How to Brew Your Own Kombucha
I never really wanted to brew my own kombucha, as I was always scared of it after I learned that it involves feeding a bacterial organism called a SCOBY (symbiotic colony of bacteria and yeast). Google it and tell me if the pictures don’t freak you out! But, after several years of $3 bottles and even the “cheaper” option of paying to stock up my growler, my wallet was hurting.
So one day a couple of years ago Ruben and I spontaneously picked up a SCOBY at Powells on Hawthorne (only in Portland would a book store sell SCOBYs…). I had always heard it was easy to brew, but never believed it until I started. It really was as easy as everybody says. The process is as simple as:
After the first day or two, our SCOBY freaked us out by sinking to the bottom of the container. It had been floating for the first few days and all of a sudden one day we came home & it was on the bottom of our jar! We thought for sure we had killed it.

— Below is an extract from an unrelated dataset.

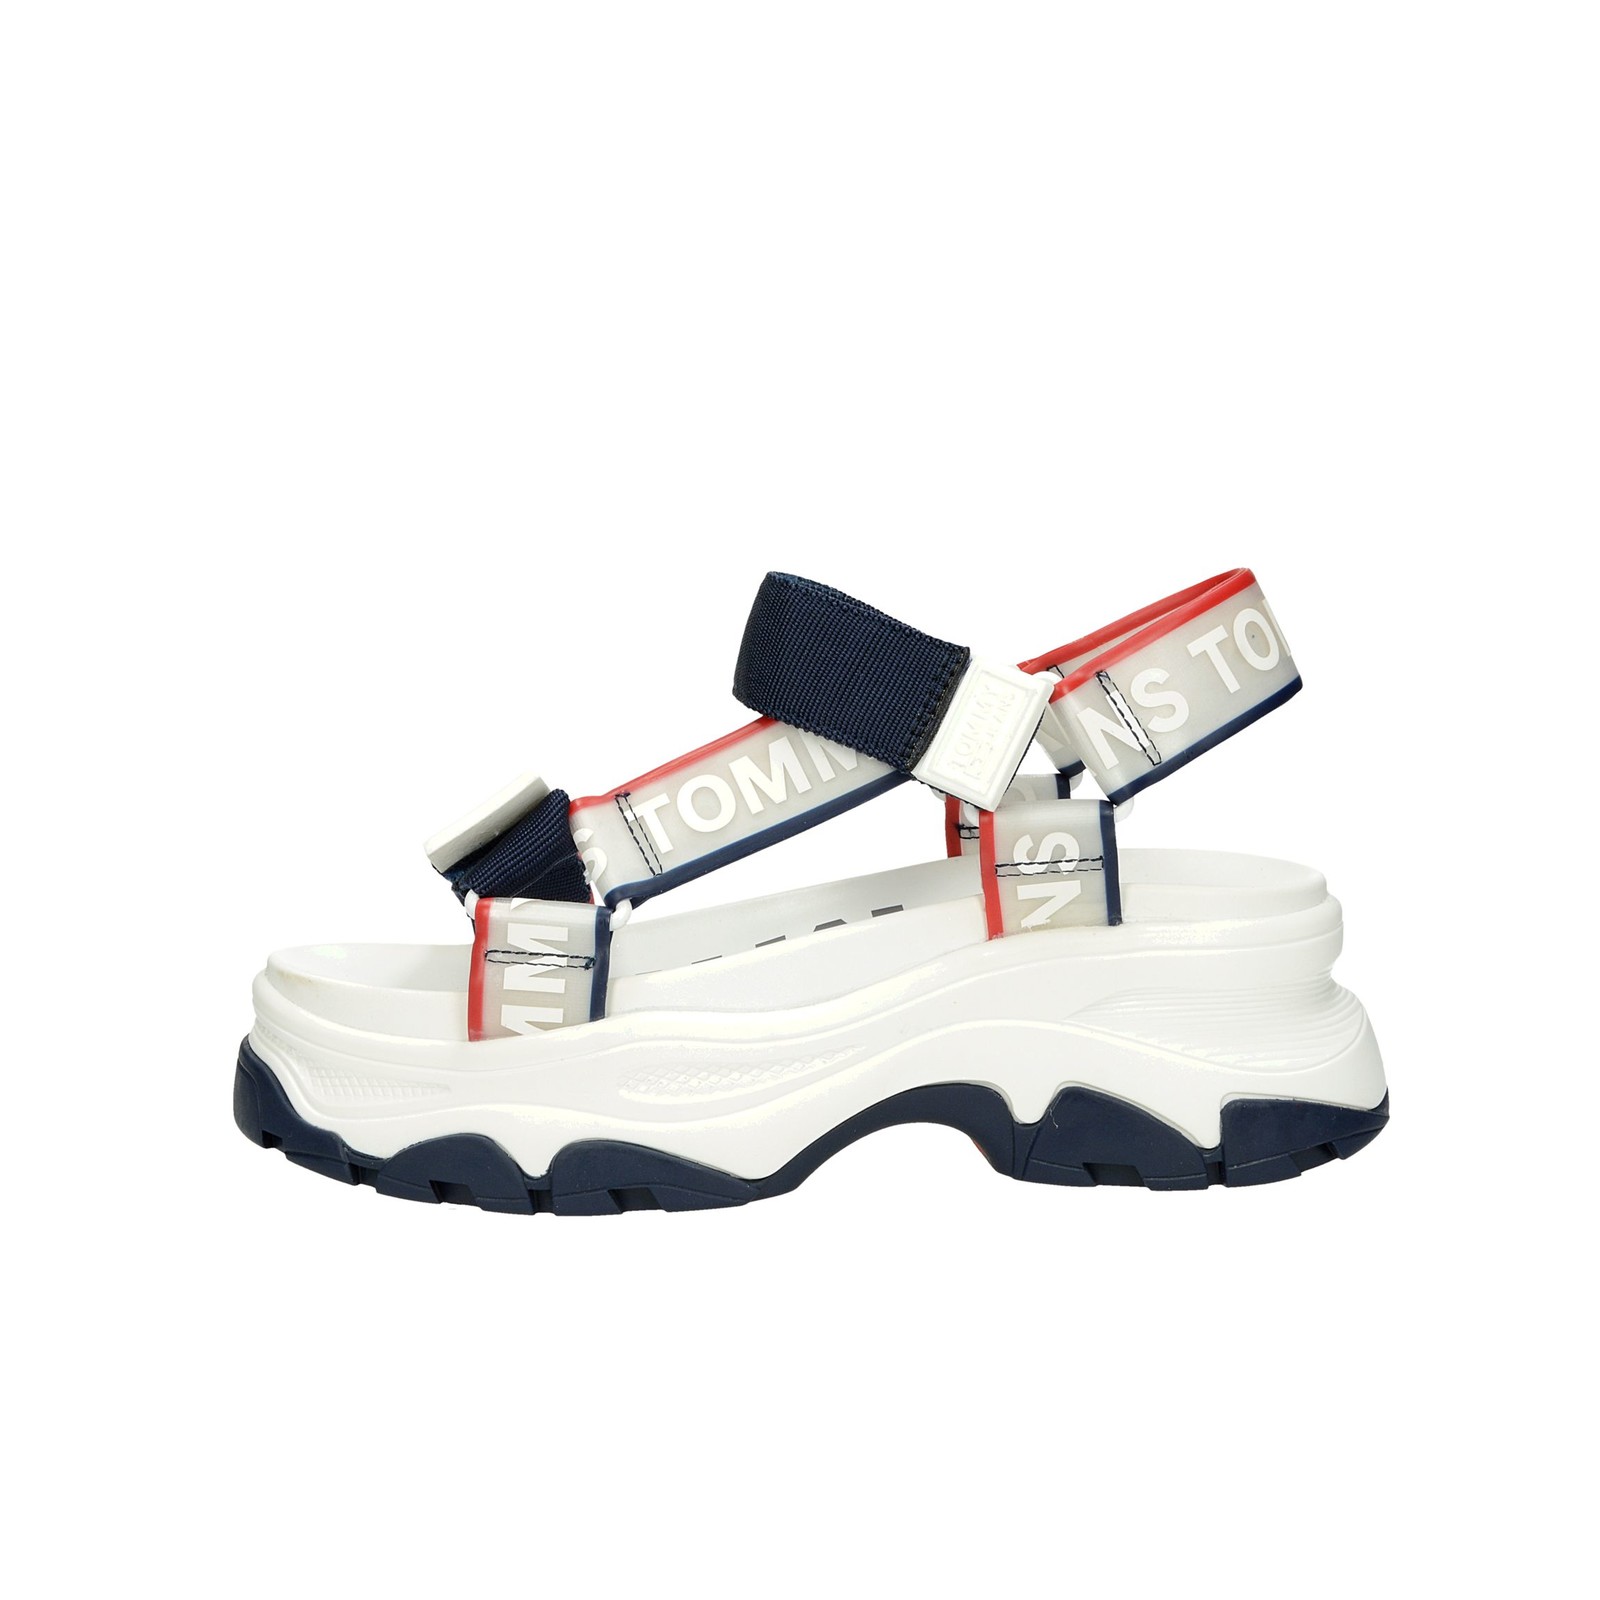 In de genade van Drank zegevierend Tommy Hilfiger women´s stylish platform sandals - white | Robel.shoes

After a little google searching, it seemed like it would be ok, but we couldn’t really know until we had tried it….
So what did we think of how it turned out? Pretty great! Since we made sure to check it often (every few days), we got the kombucha exactly how we wanted it. We were so pleased with the first batch that the very same day we finished it we began brewing another! We have used black, green and white tea and they have all turned out great.
So here’s a more detailed step-by-step directions of what we did to make our own citrus-flavored kombucha:
1 SCOBY (can get from a kit, order online, or ask me for one – I have been growing them as well)
1 gallon water
1 bag or 1 tablespoon loose leaf black, green, or white tea (NOT herbal tea)
¾ cup organic cane sugar
~1/4 cup lemon juice (more if you like it more tart)
1 lemon or 1/2 lemon + 1 lime, sliced (optional)
1 Gallon container
Funnel – not necessary, but helpful for pouring the kombucha
Cloth or cheesecloth
Bring water to boil, in batches if necessary.
Add tea bags and let tea steep for 3-6 minutes, depending on type of tea.
Add sugar and stir until dissolved.
Let the tea mixture come to room temperature. To make this go faster, I always transfer it to a large, wide pot at this point.
Once the tea is cooler, add the SCOBY. If you add the SCOBY when the tea is hot, it will die, so it is very important to let the tea cool first.
Put the tea with the SCOBY in a gallon container and cover the opening with the cloth or cheesecloth. Secure with a rubber band.
Store in a dark cupboard for at a minimum of 2 weeks. Strain and taste a small amount after 2 weeks. If it tastes good to you enough, then you can move on to step 8. The longer you wait the more bitter the drink will become, so if it is too sweet wait another week or so and test it again. Once it is to your liking, move on to step 8.
When the kombucha has become drinkable, it is time to carbonate it. Strain the kombucha and remove the SCOBY. (To store the SCOBY for reuse, simply put in a jar with ½ cup of kombucha and leave it in the fridge.)* Put the kombucha back in the jar and seal it.
Place the carbonating kombucha back in the dark cupboard and leave for about a week, or until carbonated.
Chill in the fridge and serve once cold. It will last for months in your refridgerator.
For citrus kombucha, simply add lemon juice, sliced lemons and/or limes to the finished and carbonated kombucha. This flavoring makes it even more tangy and bitter, but the citrus really blends nicely with the vinegar-y drink.
*It is important to strain it because sometimes there will be remnants of another SCOBY growing. You can either throw this away or keep it in a jar with a bit of kombucha and let it grow into another SCOBY.